[MATERIAL FOR THE TASK]
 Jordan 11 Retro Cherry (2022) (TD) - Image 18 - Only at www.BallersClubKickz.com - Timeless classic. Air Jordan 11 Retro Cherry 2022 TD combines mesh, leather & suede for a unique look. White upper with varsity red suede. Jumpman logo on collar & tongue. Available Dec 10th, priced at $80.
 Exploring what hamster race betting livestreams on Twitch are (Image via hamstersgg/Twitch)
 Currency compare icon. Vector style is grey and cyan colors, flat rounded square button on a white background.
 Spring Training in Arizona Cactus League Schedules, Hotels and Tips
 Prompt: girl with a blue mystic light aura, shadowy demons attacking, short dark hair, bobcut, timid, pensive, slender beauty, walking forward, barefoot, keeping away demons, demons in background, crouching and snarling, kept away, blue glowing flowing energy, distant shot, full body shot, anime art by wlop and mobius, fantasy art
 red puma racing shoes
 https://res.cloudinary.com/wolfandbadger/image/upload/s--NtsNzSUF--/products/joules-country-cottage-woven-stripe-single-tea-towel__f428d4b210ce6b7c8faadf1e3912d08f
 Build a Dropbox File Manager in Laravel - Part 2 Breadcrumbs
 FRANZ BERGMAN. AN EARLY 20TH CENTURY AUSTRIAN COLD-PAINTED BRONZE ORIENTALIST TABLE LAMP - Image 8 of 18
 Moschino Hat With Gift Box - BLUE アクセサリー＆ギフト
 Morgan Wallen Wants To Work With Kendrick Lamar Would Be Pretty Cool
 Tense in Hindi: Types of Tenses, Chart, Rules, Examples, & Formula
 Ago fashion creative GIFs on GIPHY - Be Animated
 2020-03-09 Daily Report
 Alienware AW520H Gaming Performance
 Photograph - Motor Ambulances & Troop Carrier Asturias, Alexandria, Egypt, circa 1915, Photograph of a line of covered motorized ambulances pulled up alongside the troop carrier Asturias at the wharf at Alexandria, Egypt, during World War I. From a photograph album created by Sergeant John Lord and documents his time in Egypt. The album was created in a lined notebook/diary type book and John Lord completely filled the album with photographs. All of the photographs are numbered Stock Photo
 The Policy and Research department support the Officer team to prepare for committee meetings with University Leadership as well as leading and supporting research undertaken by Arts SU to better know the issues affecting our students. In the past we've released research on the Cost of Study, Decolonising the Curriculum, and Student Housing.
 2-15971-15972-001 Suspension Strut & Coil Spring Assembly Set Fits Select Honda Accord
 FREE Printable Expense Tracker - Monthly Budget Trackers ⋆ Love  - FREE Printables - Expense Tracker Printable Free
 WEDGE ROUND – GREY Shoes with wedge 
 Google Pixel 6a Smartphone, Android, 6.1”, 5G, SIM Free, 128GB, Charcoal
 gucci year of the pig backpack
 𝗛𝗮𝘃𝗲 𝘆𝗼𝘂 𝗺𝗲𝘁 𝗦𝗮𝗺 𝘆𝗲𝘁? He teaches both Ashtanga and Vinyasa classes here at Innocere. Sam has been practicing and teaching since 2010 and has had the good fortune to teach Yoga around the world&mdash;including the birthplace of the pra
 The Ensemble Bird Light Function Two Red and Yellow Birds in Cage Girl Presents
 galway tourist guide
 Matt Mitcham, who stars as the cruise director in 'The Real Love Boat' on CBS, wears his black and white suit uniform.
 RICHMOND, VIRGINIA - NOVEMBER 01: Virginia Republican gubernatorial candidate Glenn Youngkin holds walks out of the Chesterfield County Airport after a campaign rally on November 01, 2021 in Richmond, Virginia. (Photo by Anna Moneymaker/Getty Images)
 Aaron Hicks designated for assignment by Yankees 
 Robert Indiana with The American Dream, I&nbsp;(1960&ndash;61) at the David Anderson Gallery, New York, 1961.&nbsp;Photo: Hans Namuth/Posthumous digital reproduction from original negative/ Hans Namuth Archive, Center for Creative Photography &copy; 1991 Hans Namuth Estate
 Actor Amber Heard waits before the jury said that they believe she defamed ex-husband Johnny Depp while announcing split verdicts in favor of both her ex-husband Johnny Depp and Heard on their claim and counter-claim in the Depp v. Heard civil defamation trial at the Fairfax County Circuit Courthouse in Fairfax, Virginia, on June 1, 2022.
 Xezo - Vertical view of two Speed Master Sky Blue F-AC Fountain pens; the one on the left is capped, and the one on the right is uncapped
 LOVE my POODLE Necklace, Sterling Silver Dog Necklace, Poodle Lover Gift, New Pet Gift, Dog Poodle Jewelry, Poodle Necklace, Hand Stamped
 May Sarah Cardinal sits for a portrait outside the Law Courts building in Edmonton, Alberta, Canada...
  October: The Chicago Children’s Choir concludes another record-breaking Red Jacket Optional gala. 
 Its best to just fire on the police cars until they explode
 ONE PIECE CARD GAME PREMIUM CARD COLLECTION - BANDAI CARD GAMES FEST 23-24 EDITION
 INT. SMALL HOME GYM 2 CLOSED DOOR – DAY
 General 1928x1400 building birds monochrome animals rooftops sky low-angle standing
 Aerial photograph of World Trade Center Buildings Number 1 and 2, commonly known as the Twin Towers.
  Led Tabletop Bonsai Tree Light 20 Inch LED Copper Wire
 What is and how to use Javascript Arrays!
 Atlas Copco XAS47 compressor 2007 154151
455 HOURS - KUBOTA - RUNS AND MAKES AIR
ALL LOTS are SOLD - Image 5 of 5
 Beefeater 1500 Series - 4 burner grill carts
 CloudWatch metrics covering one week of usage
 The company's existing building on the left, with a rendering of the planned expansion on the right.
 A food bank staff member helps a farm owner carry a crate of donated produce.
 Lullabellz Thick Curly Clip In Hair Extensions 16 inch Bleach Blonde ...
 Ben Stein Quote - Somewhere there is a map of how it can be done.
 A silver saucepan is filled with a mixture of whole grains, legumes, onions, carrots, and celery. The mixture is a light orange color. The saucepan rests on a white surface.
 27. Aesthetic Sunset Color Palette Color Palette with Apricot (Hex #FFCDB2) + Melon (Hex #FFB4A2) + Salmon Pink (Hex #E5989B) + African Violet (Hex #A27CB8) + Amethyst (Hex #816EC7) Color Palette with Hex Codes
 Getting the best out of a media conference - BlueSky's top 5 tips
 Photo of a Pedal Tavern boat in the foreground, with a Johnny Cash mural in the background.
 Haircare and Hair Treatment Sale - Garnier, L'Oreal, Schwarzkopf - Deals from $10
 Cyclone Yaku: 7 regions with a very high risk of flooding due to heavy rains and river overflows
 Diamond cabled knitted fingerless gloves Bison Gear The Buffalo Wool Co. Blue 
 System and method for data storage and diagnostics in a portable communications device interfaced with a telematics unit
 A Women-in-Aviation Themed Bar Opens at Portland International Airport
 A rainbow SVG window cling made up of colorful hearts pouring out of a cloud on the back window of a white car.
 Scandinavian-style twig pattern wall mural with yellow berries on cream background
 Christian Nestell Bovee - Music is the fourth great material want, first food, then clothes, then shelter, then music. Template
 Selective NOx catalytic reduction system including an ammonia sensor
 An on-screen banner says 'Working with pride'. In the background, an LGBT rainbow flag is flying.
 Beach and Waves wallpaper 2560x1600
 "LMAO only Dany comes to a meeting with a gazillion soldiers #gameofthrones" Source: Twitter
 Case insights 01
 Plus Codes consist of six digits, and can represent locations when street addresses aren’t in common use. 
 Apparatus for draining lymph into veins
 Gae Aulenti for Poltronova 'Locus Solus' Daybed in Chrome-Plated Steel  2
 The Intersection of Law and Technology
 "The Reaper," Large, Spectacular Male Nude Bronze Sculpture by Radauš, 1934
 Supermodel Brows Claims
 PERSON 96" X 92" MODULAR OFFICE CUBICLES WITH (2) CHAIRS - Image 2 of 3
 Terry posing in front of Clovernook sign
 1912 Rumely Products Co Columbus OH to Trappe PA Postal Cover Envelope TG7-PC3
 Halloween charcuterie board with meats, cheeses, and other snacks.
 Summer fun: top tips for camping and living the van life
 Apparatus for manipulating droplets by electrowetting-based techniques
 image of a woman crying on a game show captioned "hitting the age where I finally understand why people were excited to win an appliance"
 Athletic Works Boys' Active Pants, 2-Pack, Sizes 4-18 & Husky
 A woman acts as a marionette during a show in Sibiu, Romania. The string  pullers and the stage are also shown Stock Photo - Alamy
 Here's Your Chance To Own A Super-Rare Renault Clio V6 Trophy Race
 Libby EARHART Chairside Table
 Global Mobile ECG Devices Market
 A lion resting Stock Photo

[EXERCISE OBJECTIVE] Within the material above, copy exactly the lines from the line that holds "Exploring what hamster" up to and including the line that holds "Spring Training in".

[ANSWER AREA]
 Exploring what hamster race betting livestreams on Twitch are (Image via hamstersgg/Twitch)
 Currency compare icon. Vector style is grey and cyan colors, flat rounded square button on a white background.
 Spring Training in Arizona Cactus League Schedules, Hotels and Tips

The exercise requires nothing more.